-- Opening Marker --
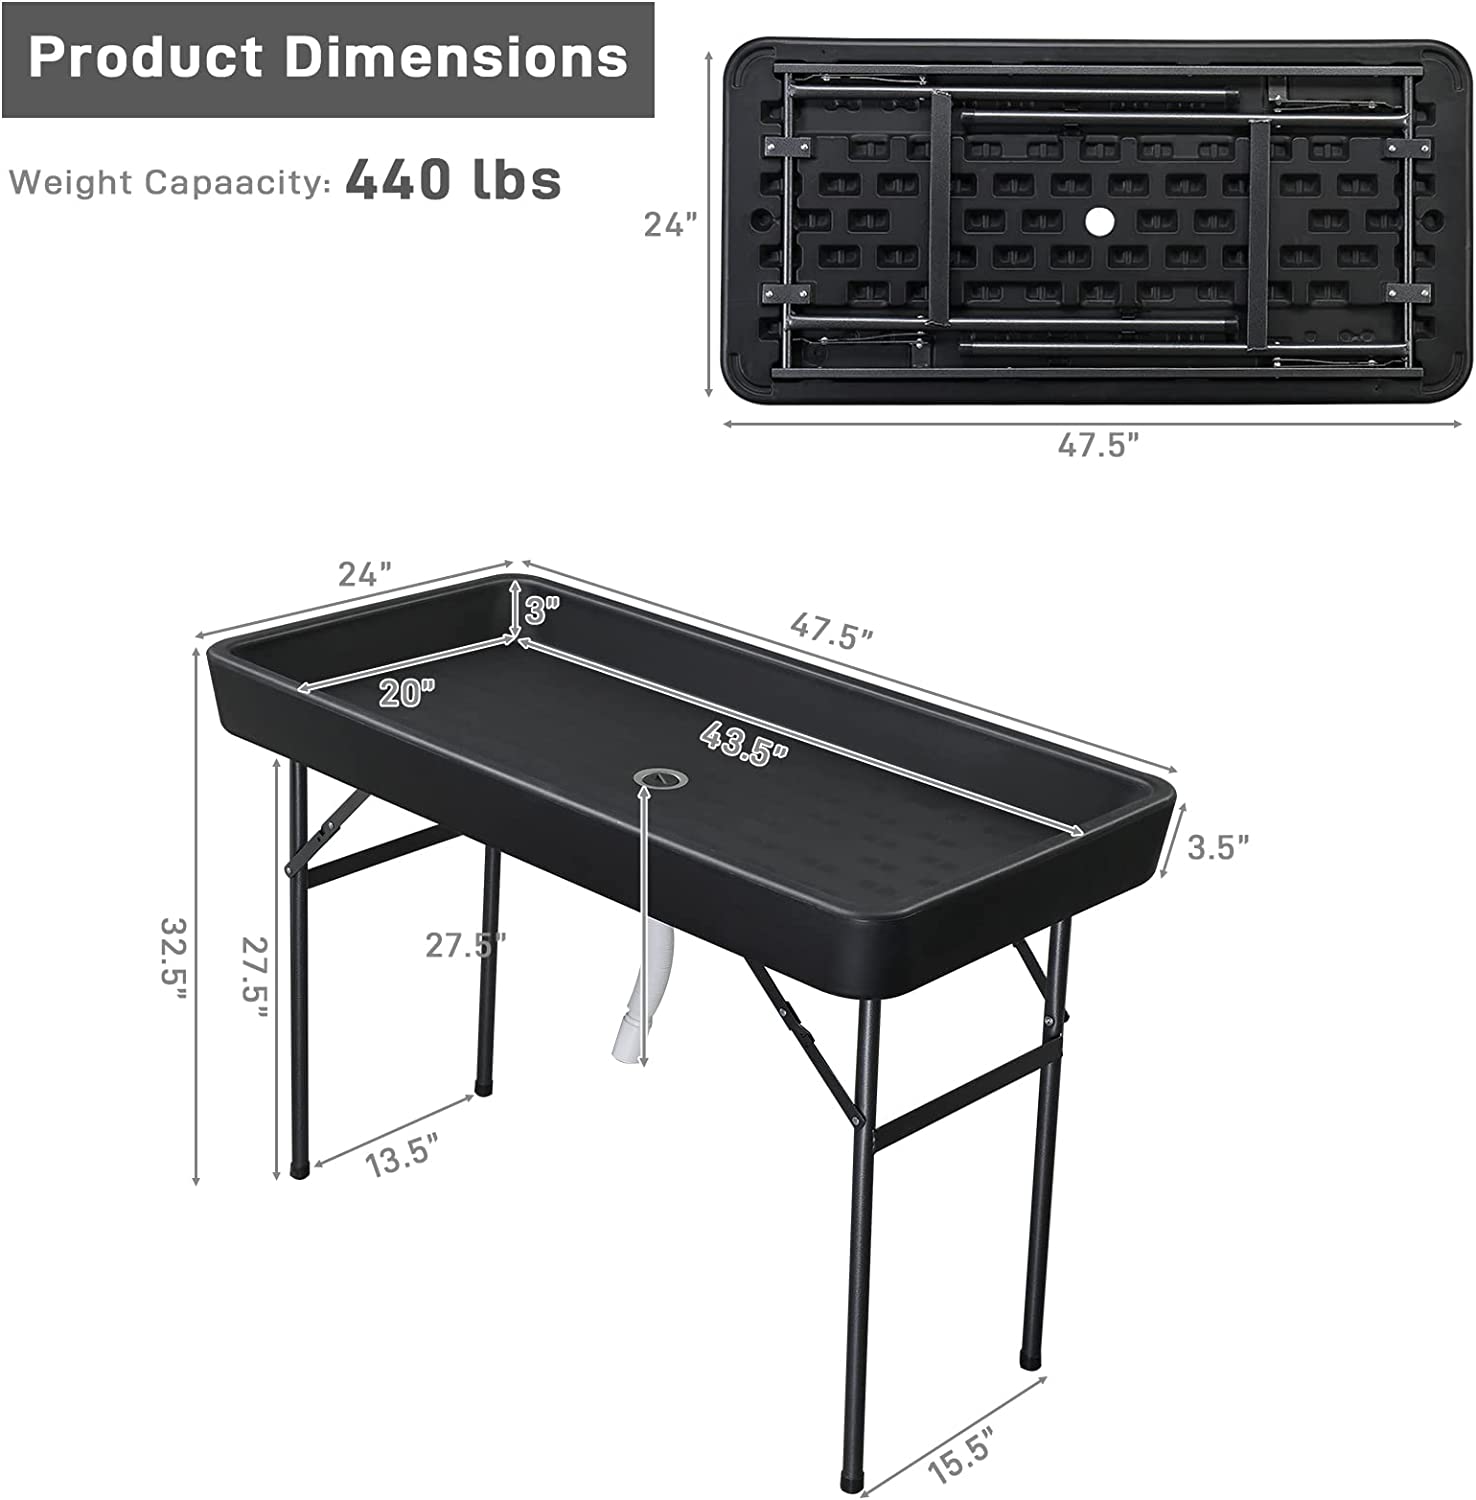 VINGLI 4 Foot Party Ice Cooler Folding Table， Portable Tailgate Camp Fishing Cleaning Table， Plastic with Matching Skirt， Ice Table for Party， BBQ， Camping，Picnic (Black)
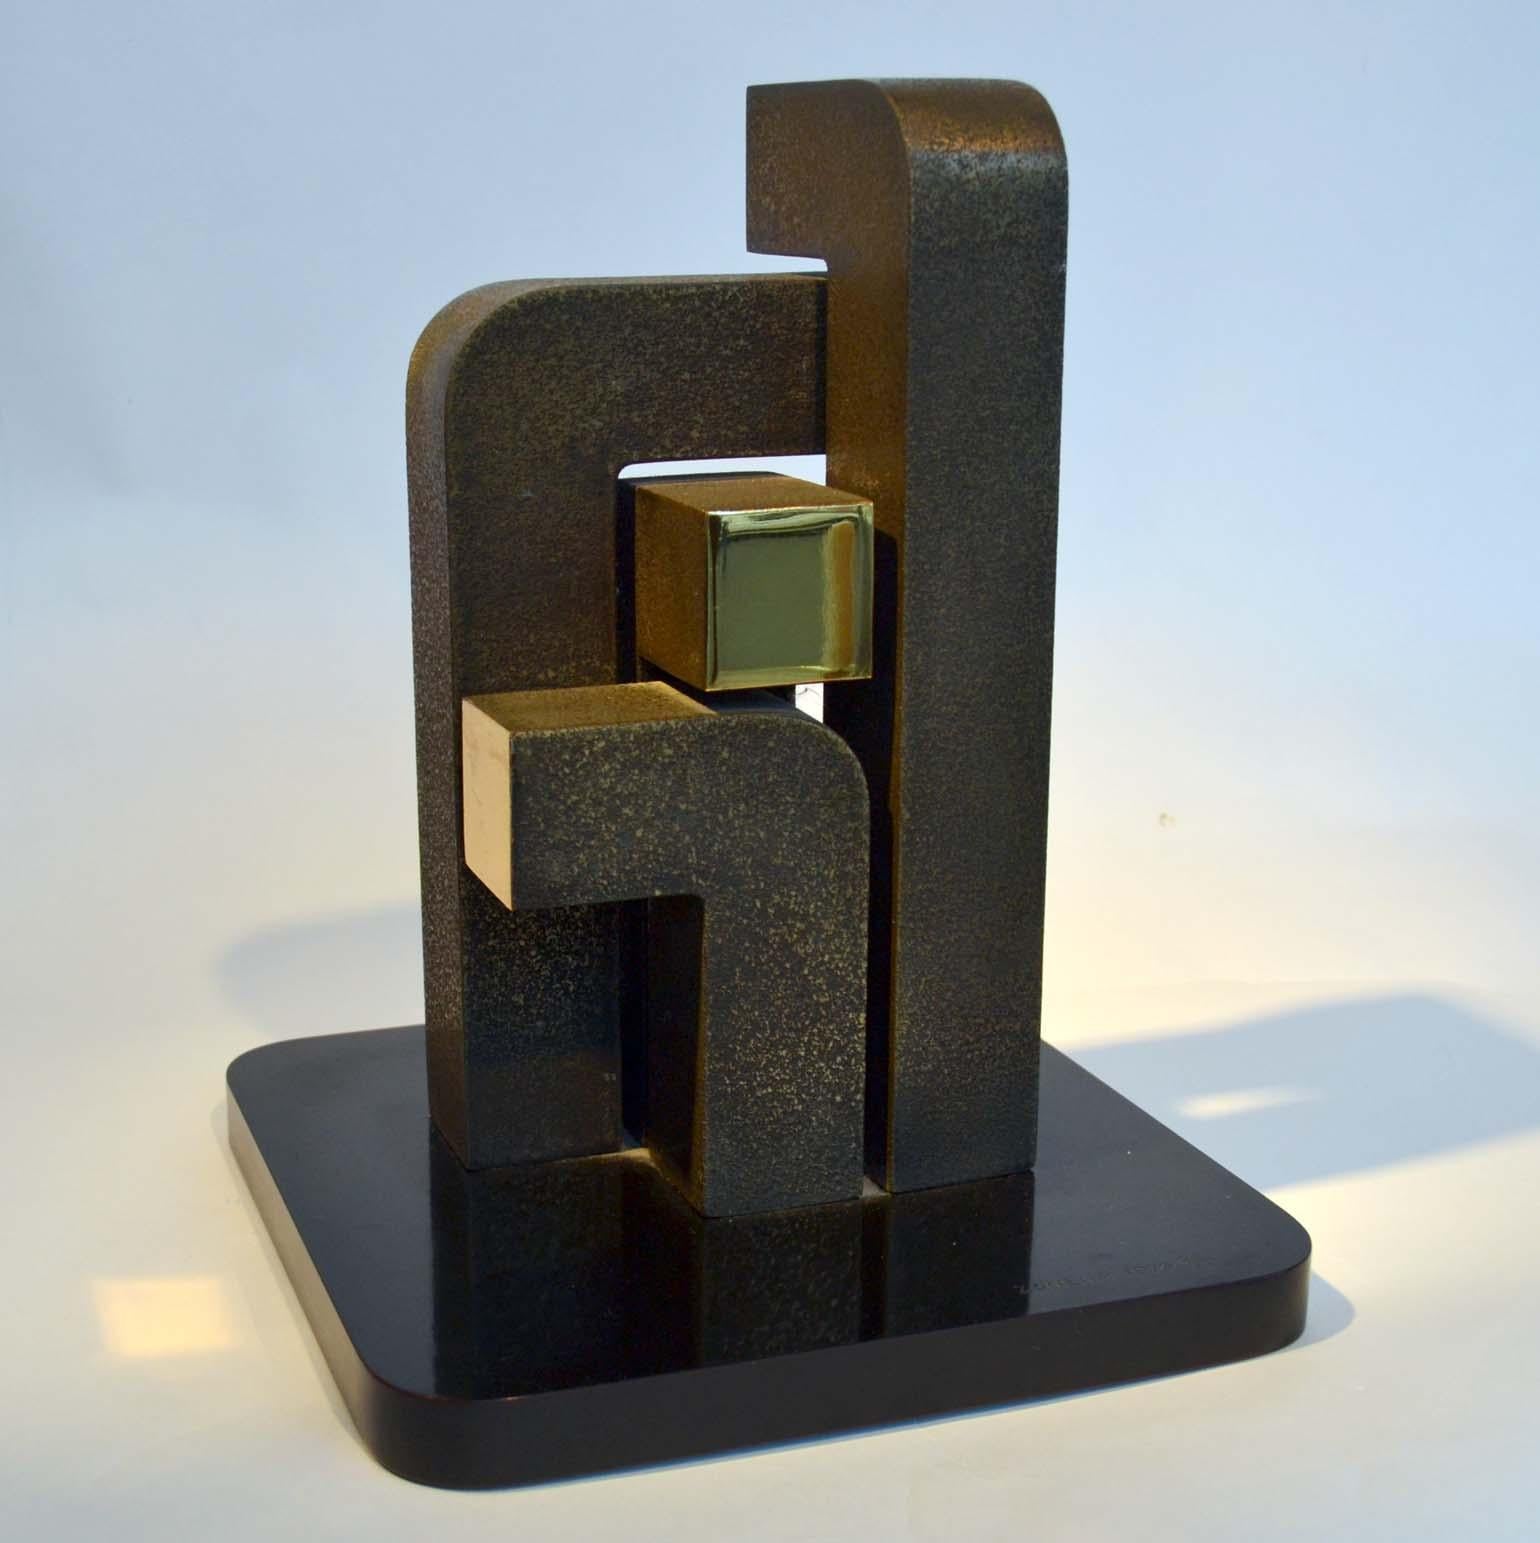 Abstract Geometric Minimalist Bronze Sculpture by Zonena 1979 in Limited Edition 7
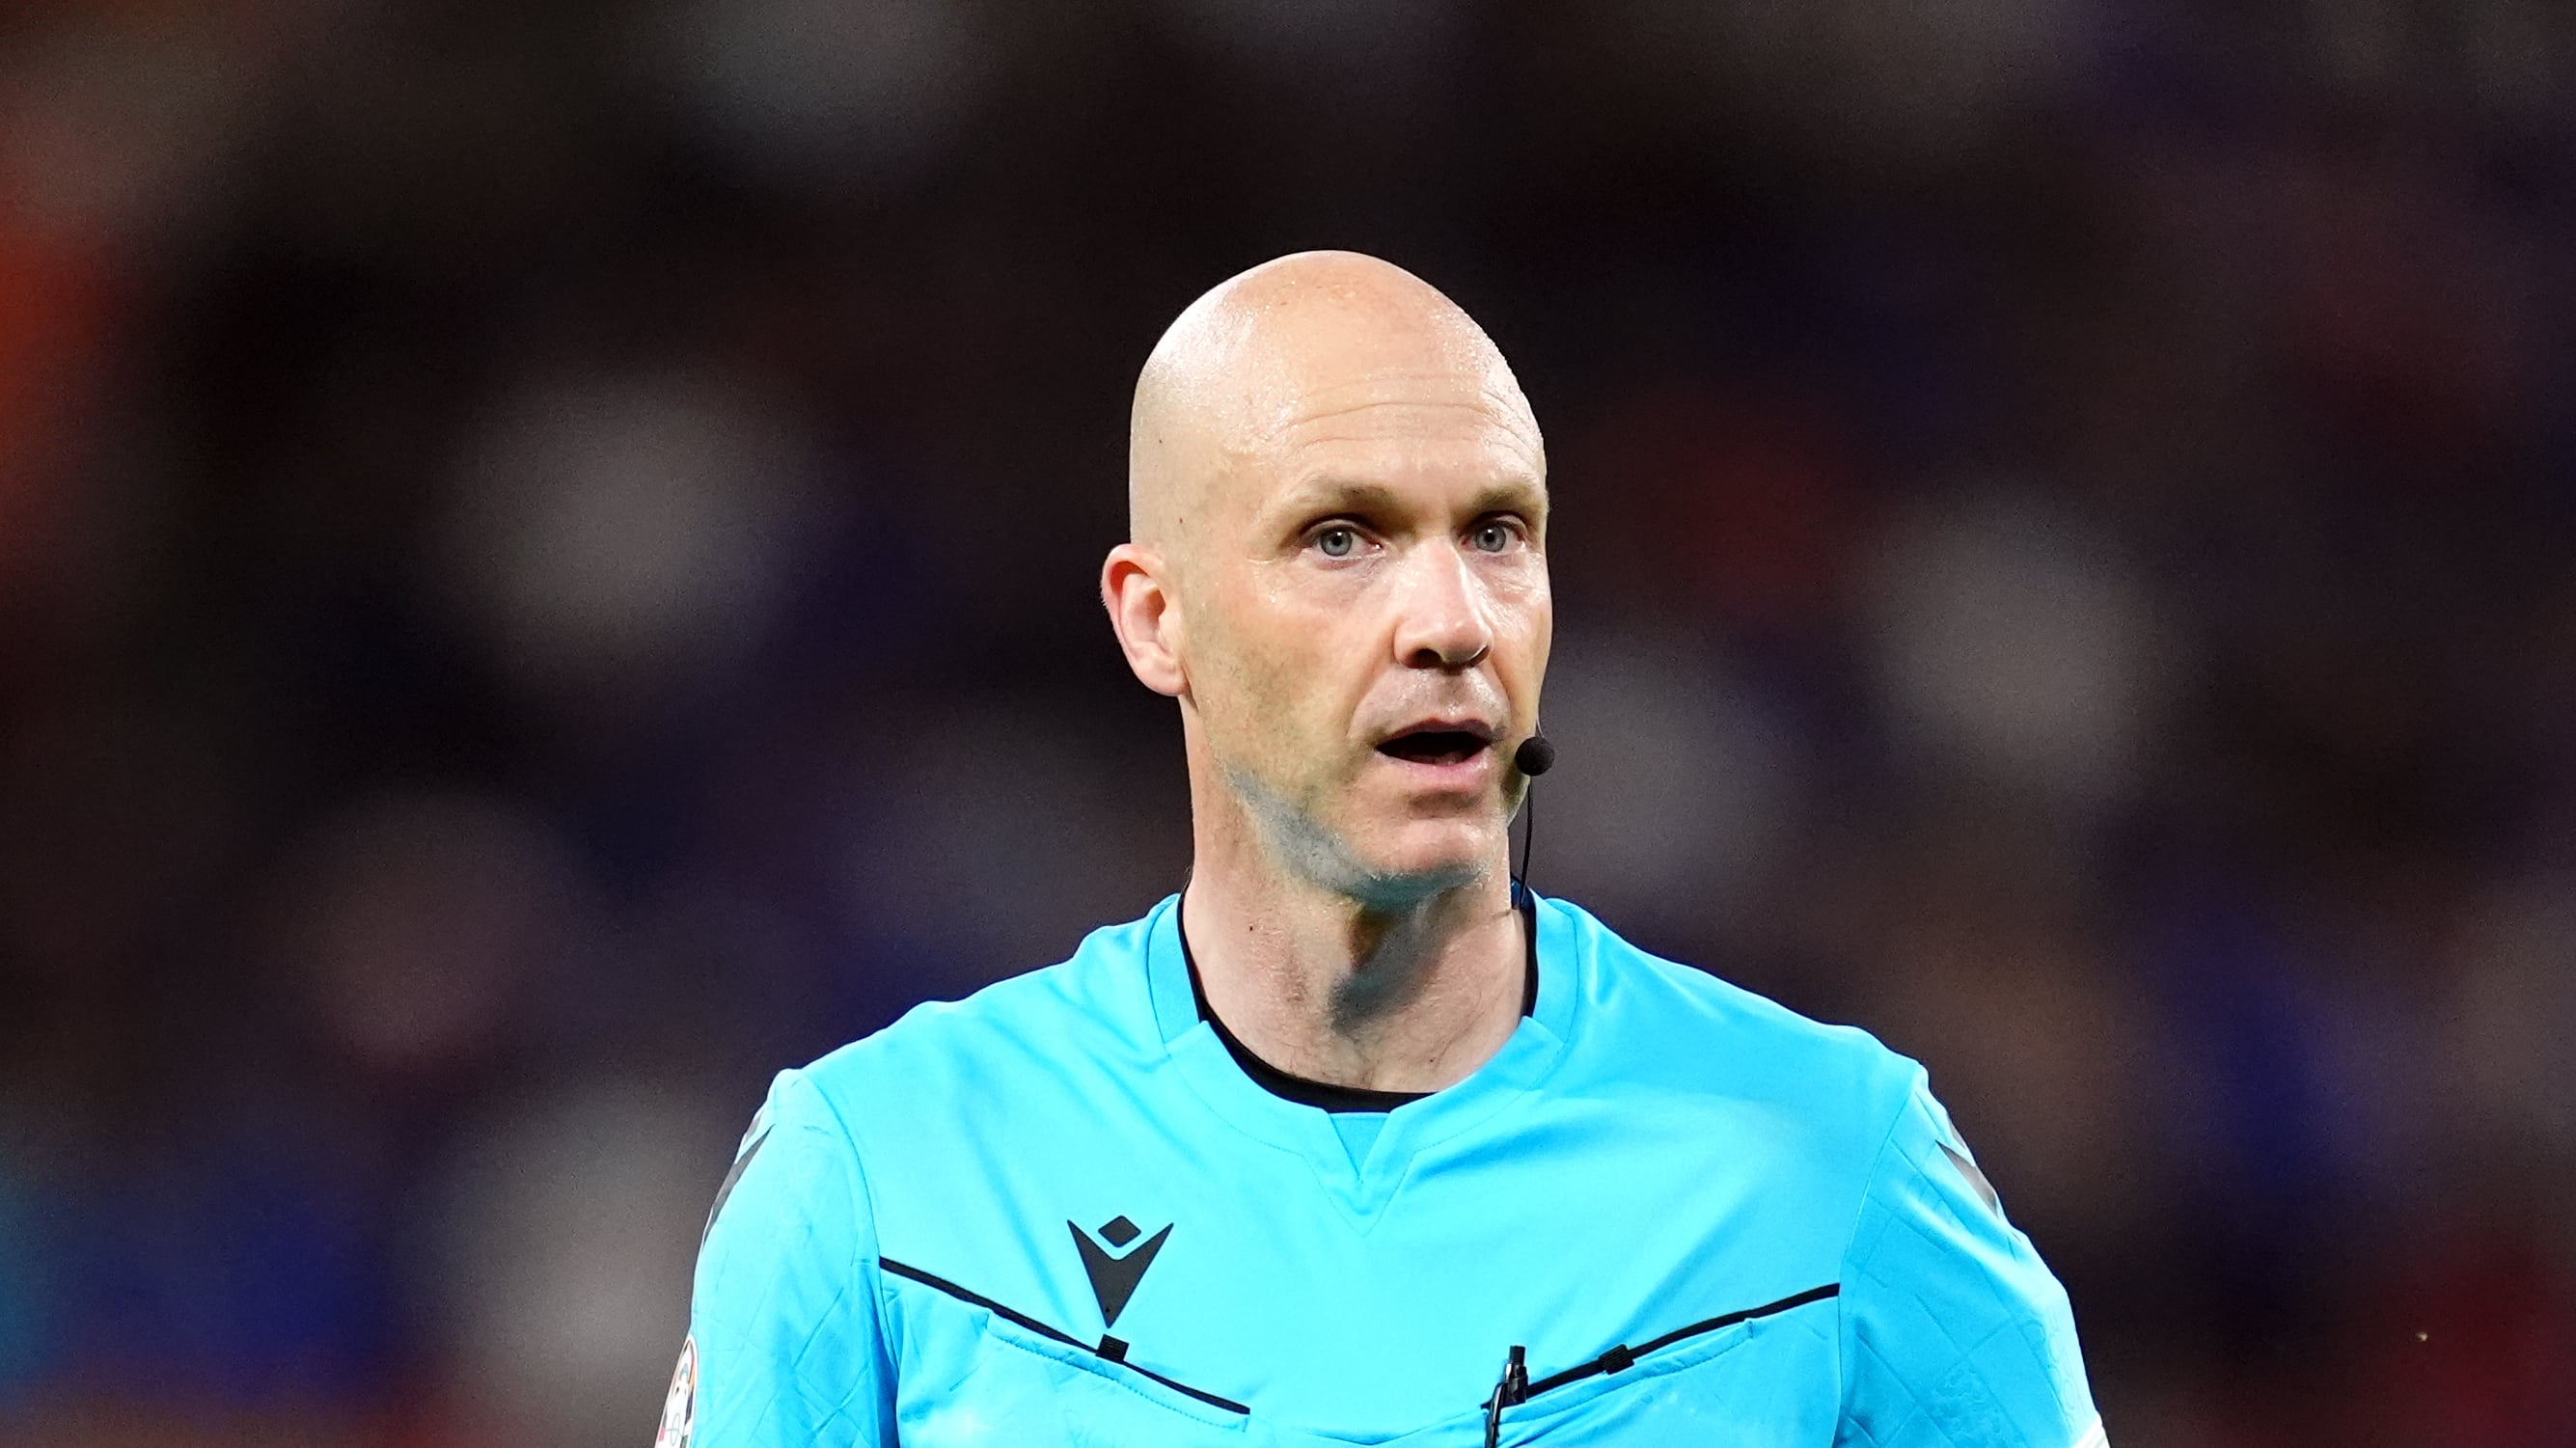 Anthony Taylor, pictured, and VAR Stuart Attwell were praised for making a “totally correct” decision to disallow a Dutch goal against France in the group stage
-- Closing Marker --
**WHAT IS REQUIRED:** For this exercise, restate the material exactly and skip every picture.

**SOLVED EXERCISE:**
 VINGLI 4 Foot Party Ice Cooler Folding Table， Portable Tailgate Camp Fishing Cleaning Table， Plastic with Matching Skirt， Ice Table for Party， BBQ， Camping，Picnic (Black)
 Abstract Geometric Minimalist Bronze Sculpture by Zonena 1979 in Limited Edition 7
 Anthony Taylor, pictured, and VAR Stuart Attwell were praised for making a “totally correct” decision to disallow a Dutch goal against France in the group stage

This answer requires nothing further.